Unico Hommes wrote: > I'm not sure this is a policy the ASF would approve of. I don't think I > have ever seen this type of sponsorship in any ASF project. As you know > ASF works on the basis of merit where contributions are rewarded on an > individual basis. Personally I would be strongly against this form of > partnership where the only cooperative structure is a material one. If > XMLMind is interested in cooperation of the kind we do at the ASF, then > the first step would be to make their product ASL or compatible.

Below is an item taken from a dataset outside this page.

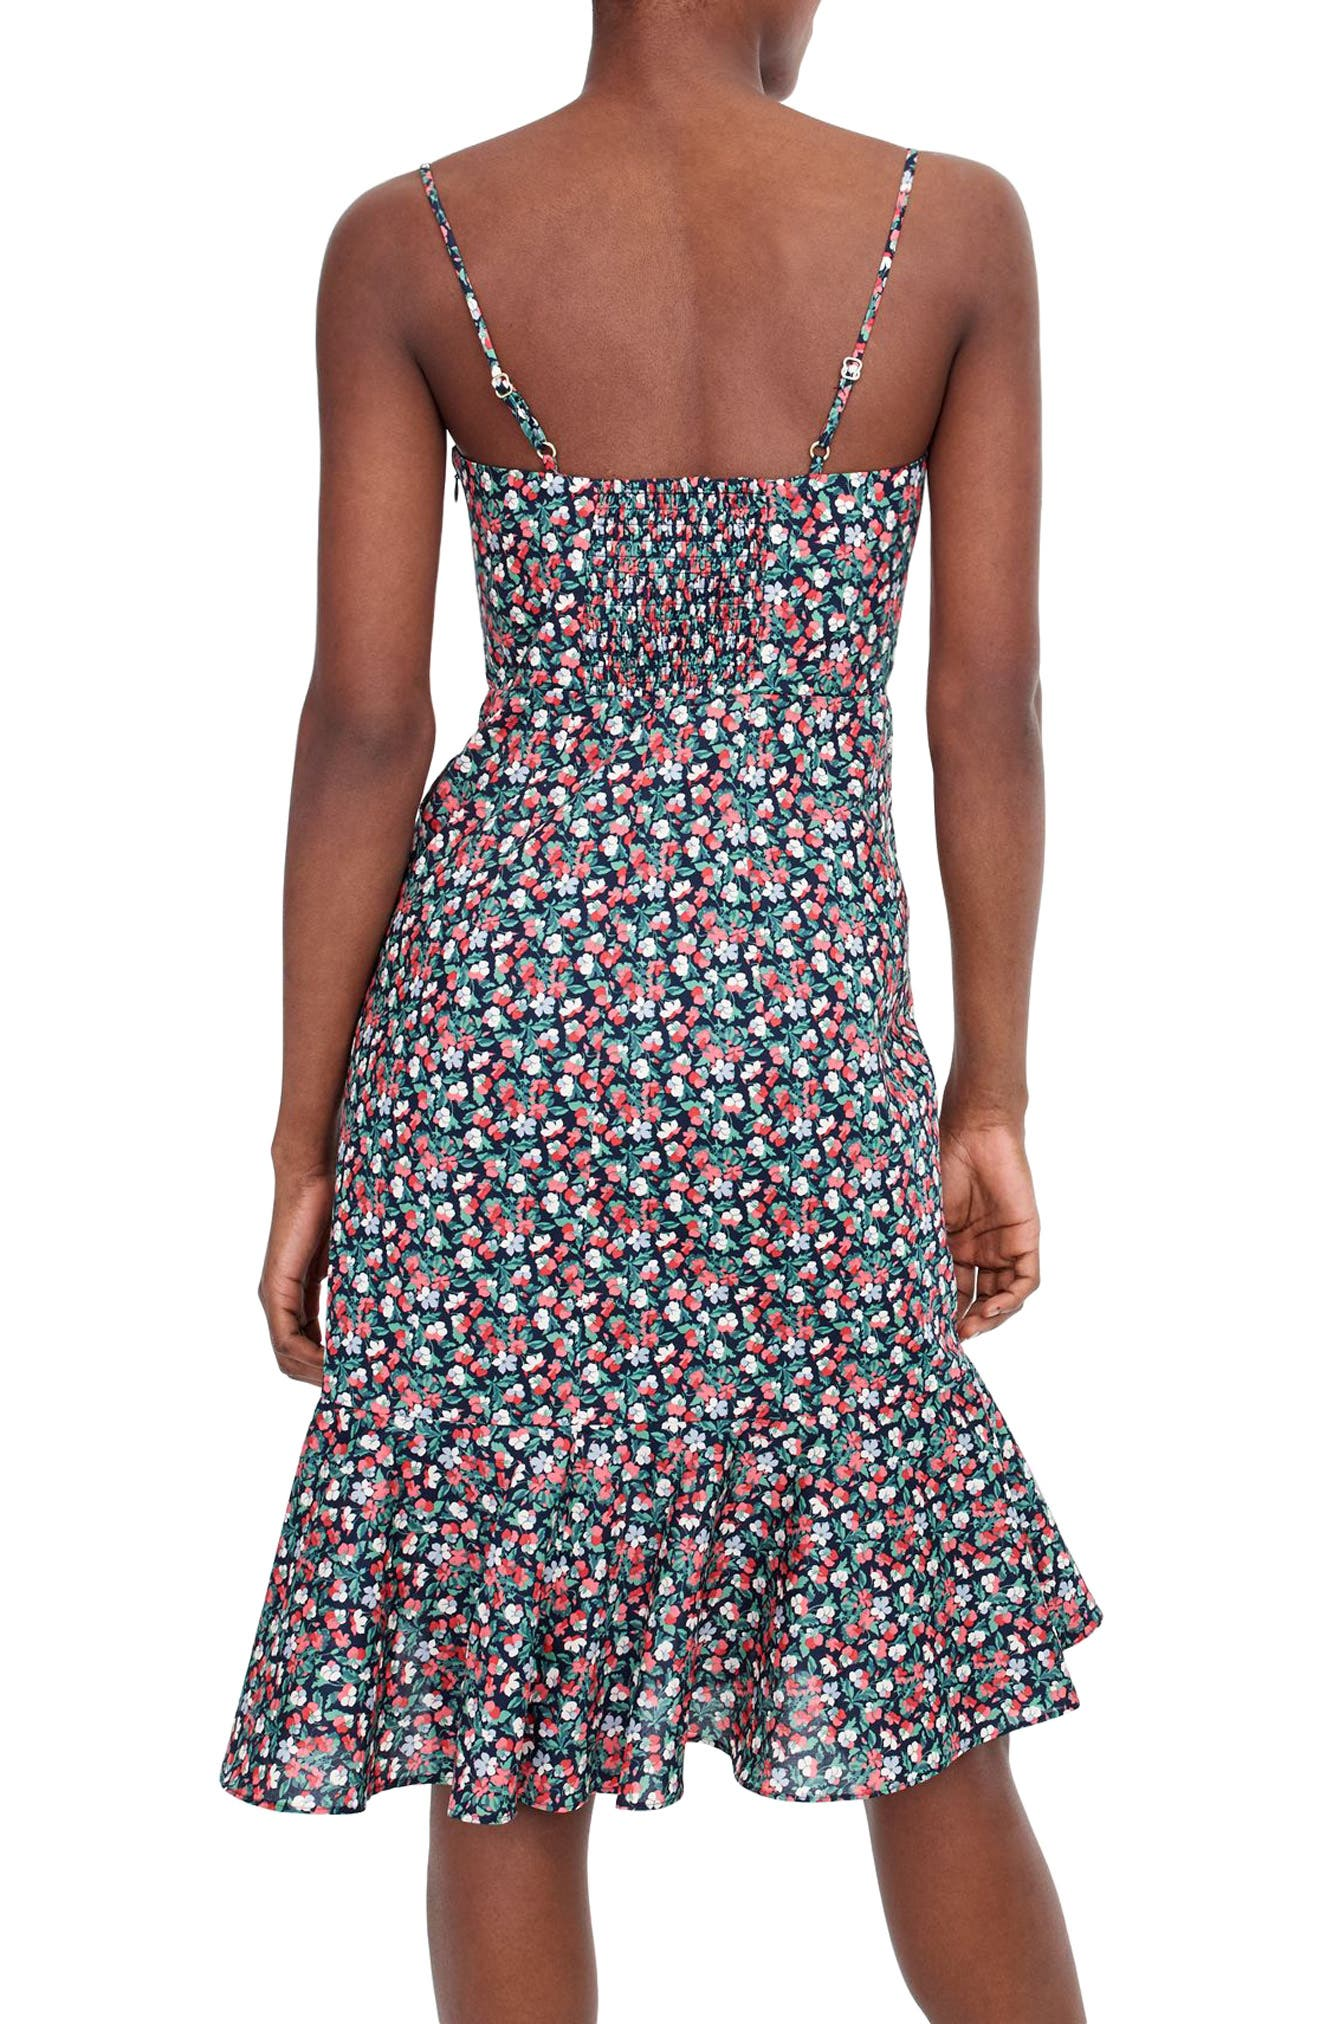 Liberty<sup>®</sup> Sarah Ruffle Dress,                             Alternate thumbnail 2, color,                             Navy Poppy

FYI this has been done before and has never been a problem at the ASF
AFAIK. IBM has been giving away hardware. No one complained. It's
sponsoring.

We at the Ant PMC have been given Intellij IDEA licenses for all
committers of the project per request. For about 3 years now I think.

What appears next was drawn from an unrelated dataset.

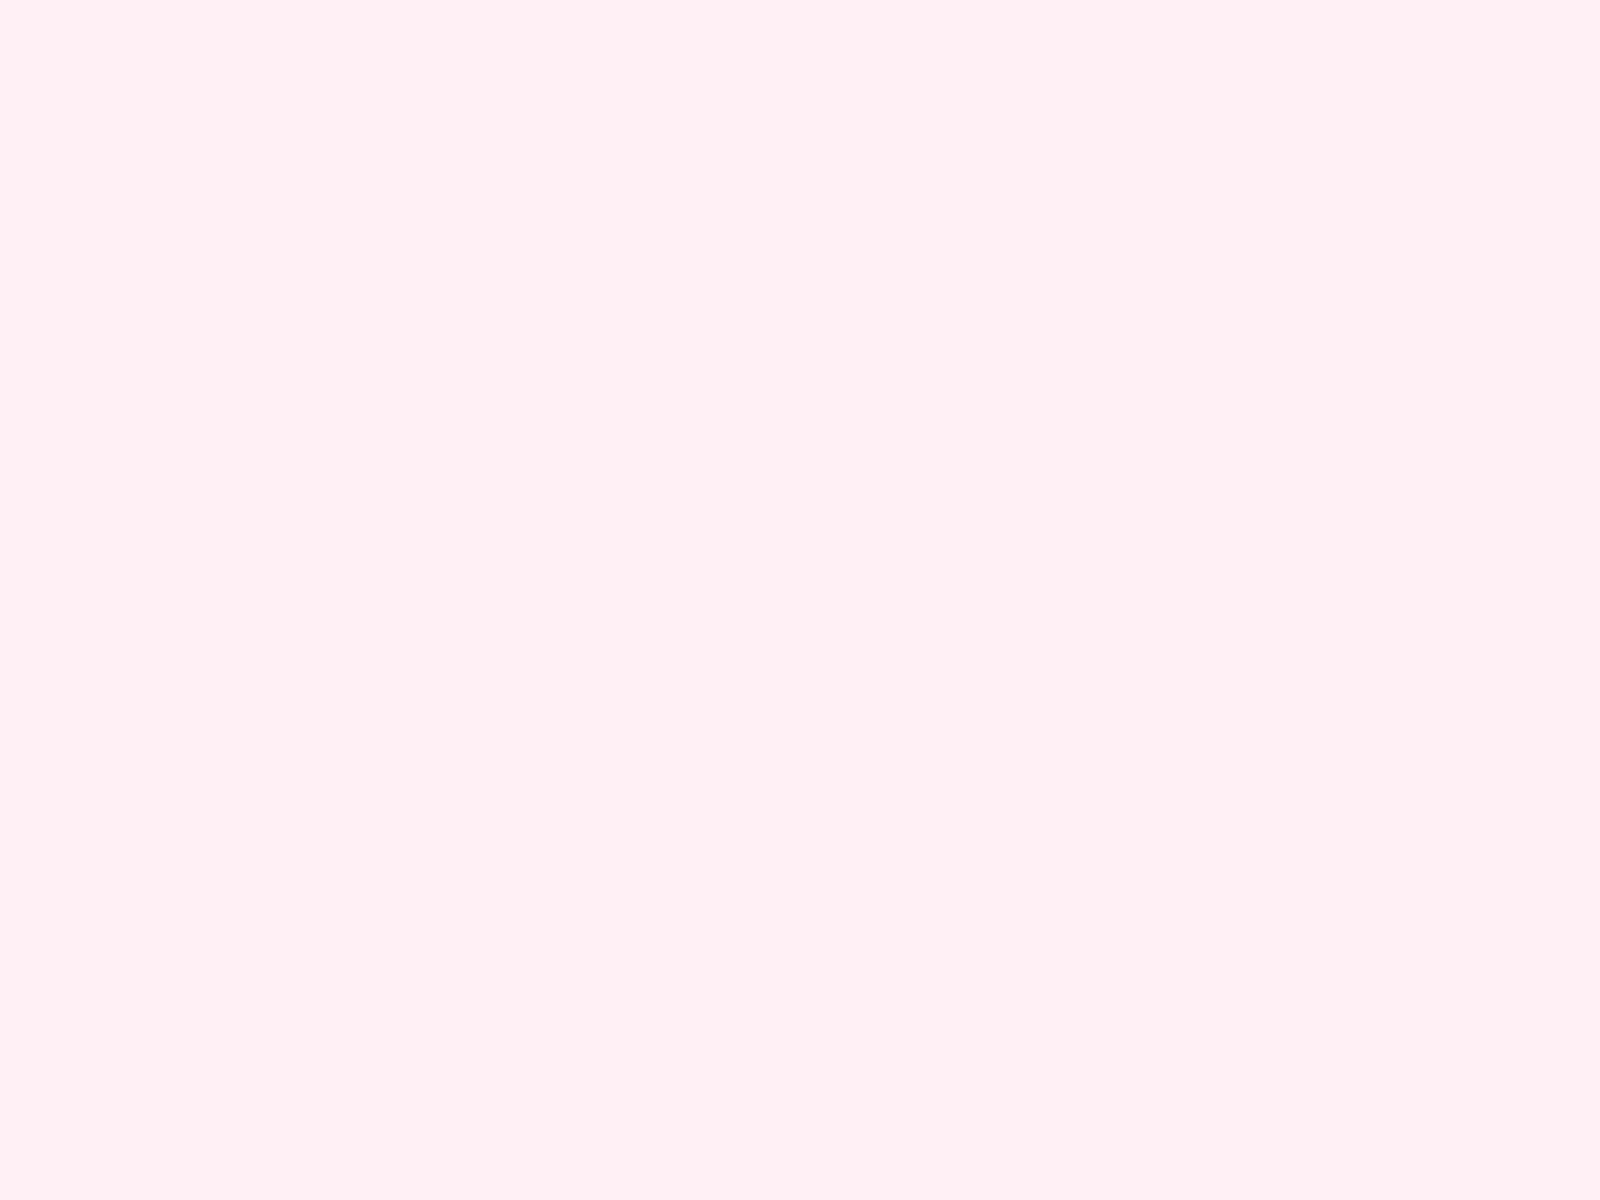 1600x1200 Lavender Blush Solid Color Background

Many moons ago, at the beginning of the Gump experiment I also contacted
WebGain so that we could deploy test coverage and code auditing to all
java projects (and I talked about it to Sam), it was on its way when
they shut down operations... same about Sitraka and JProbe where I have
been asking for free licenses...it was on its way when they were
absorbed by Quest. Now considering each time I'm asking something the
company is shutdown and absorbed, I'm being silent :)

Plus the panorama is much different than it was many moons ago, there
are more open source tools in coverage and audit now.

I think Costin (or is it Remy) also asked for optimizeit license for the
tomcat committers. Not sure how it went, you may ask them, but
OptimizeIt shows up in the tomcat mailing list every time they speak
about optimization.

We have some companies like Atlassian (Jira, Confluence) and Cenqua
(Clover) giving away licenses to opensource projects, and this is not
for fun. They are using open source products (mostly ASL) but this is
giving A LOT of exposure to the product and the company. In terms of
marketing this is considerable.

And if it helps people to do a better work with better tools, what's the
problem ? until...there are equivalent opensource products.